## Task goal
Give back every record below in full and exactly, but without a single image.

Top of Provided records

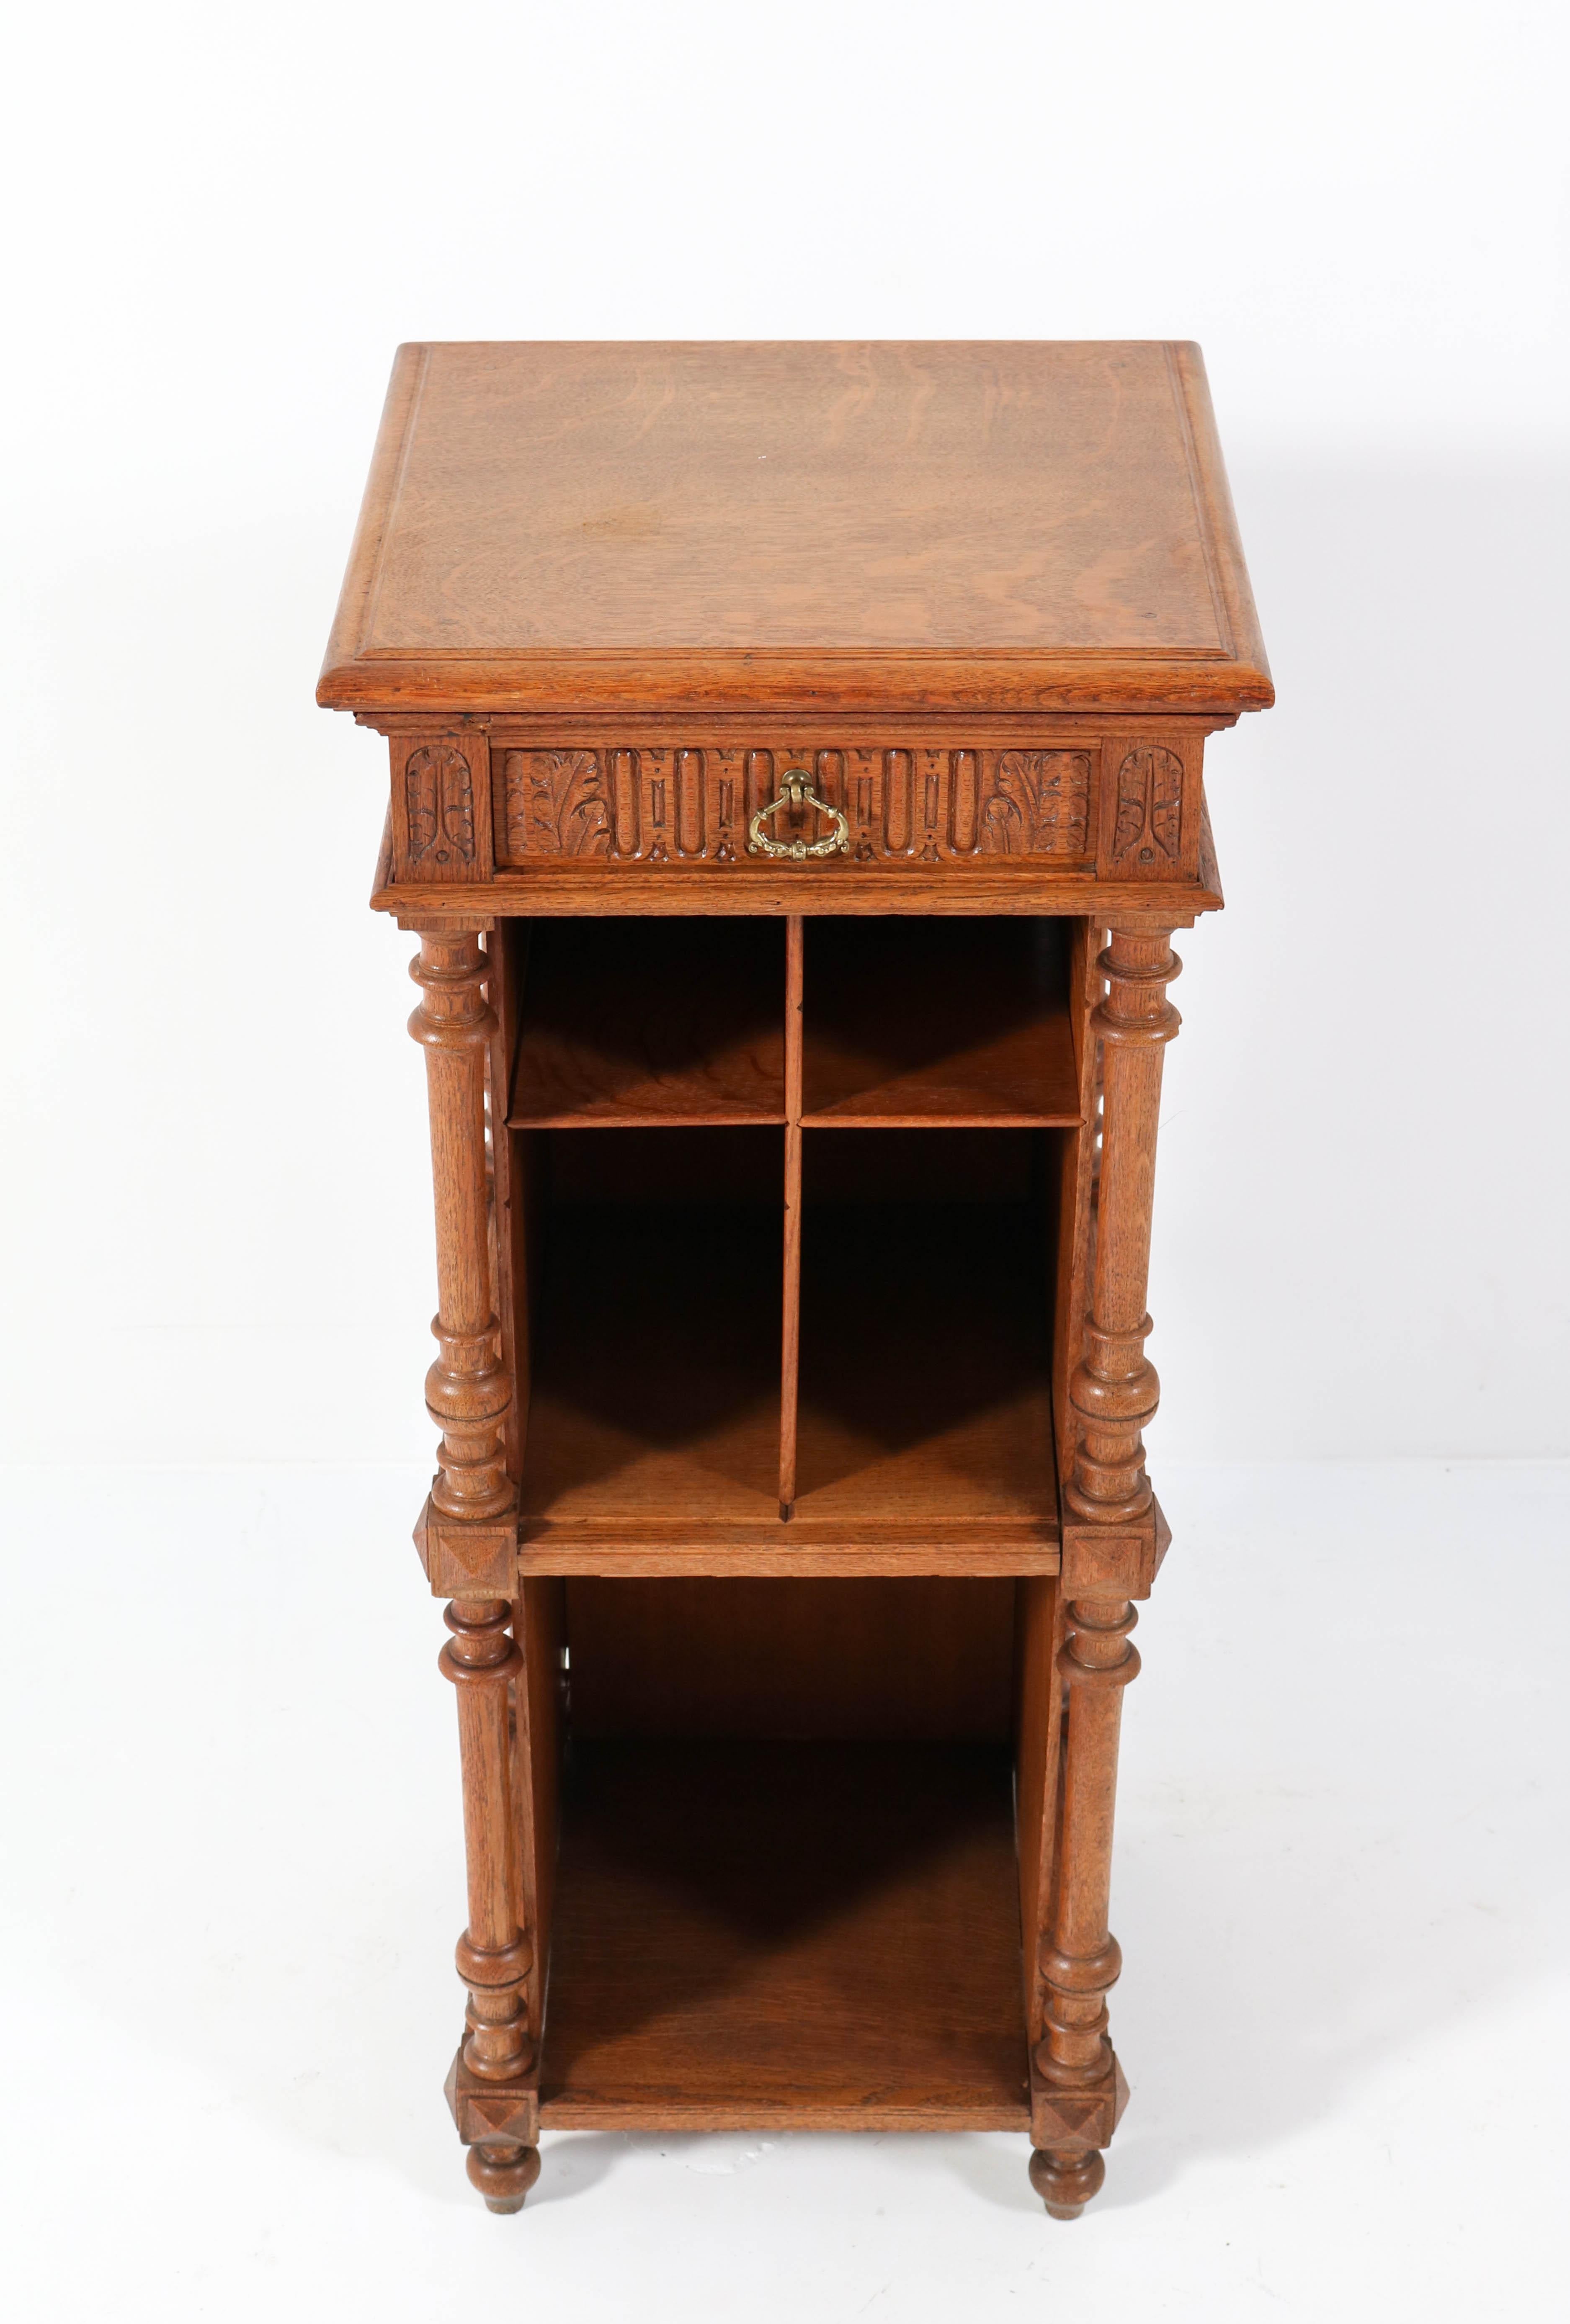 Wonderful and high quality Henri II cabinet.
Striking French design from the late 19th century.
Solid oak with original solid brass handle on the drawer.
In very good condition with minor wear consistent with age and use,
preserving a beautiful

Bottom of Provided records

## Written solution
 Wonderful and high quality Henri II cabinet.
Striking French design from the late 19th century.
Solid oak with original solid brass handle on the drawer.
In very good condition with minor wear consistent with age and use,
preserving a beautiful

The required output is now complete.